Not really. And that's something really lovely with spark, since when you handle bigdata you don't want unnecessary things to lie in the memory, since this will threaten the safety of your application.
A DataFrame can be stored in temporary files that spark creates for you, and is loaded in the memory of your application only when needed.
For more read: Should I always cache my RDD's and DataFrames?
Union just add up the number of partitions in dataframe 1 and dataframe 2. Both dataframe have same number of columns and same order to perform union operation.

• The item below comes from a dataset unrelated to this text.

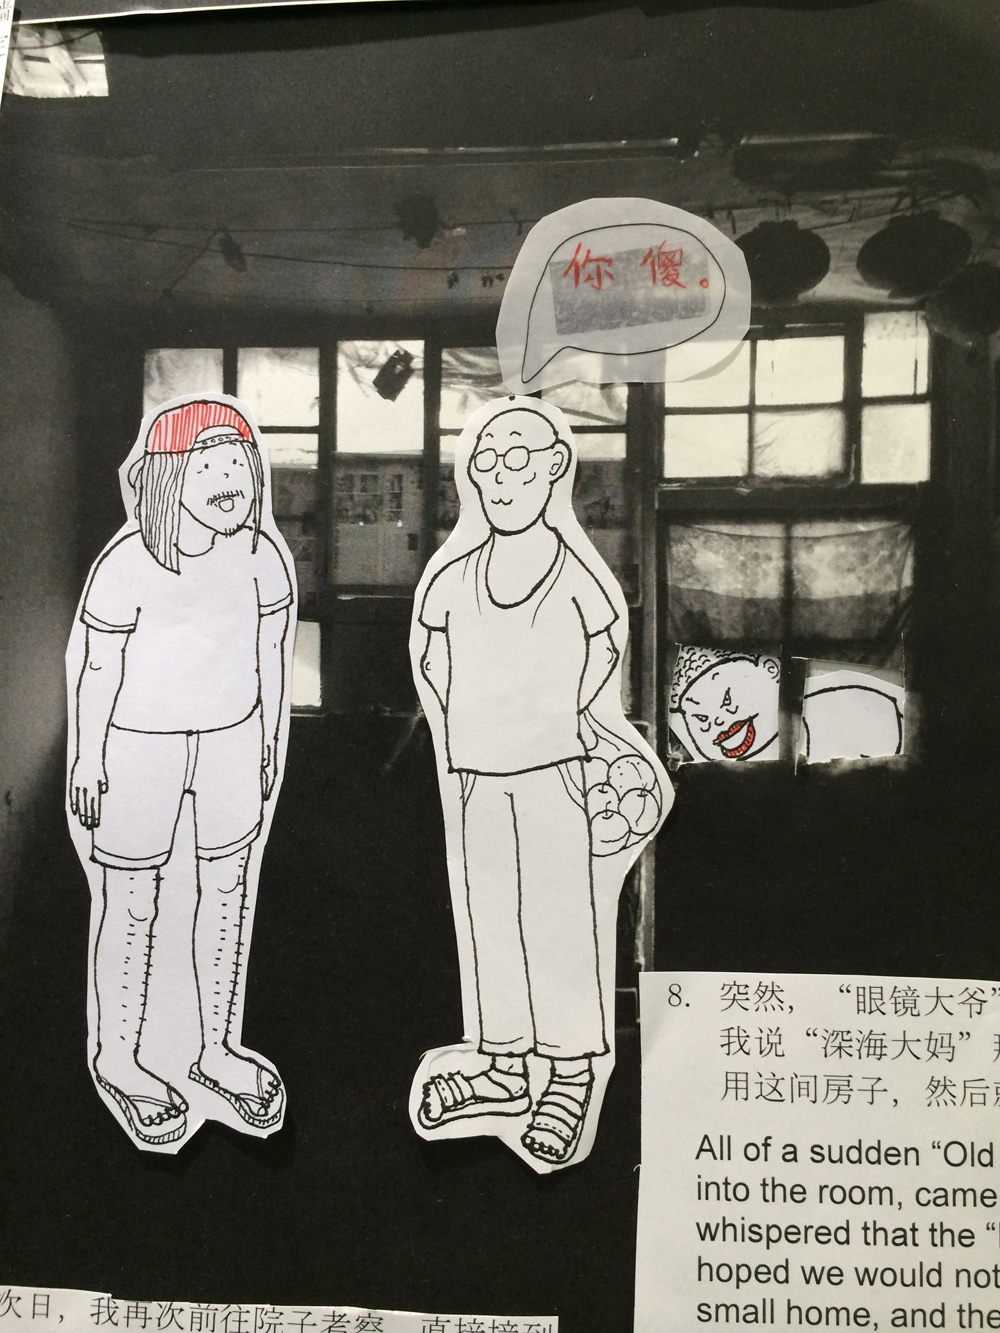 Caopu-humble-hostel-story-hisheji (8)

So no worries, if partition columns different in both the dataframes, there will be max m + n partitions.
You doesn't need to repartition your dataframe after join, my suggestion is to use coalesce in place of repartition, coalesce combine common partitions or merge some small partitions and avoid/reduce shuffling data within partitions.
If you cache/persist dataframe after each union, you will reduce performance and lineage is not break by cache/persist, in that case, garbage collection will clean cache/memory in case of some heavy memory intensive operation and recomputing will increase computation time for the same, may be this time partial computation is required for clear/removed data.
As spark transformation are lazy, i.e; unionAll is lazy operation and coalesce/repartition is also lazy operation and come in action at the time of first action, so try to coalesce unionall result after an interval like counter of 8 and reduce partition in resulting dataframe. Use checkpoints to break lineage and store data, if there is lots of memory intensive operation in your solution.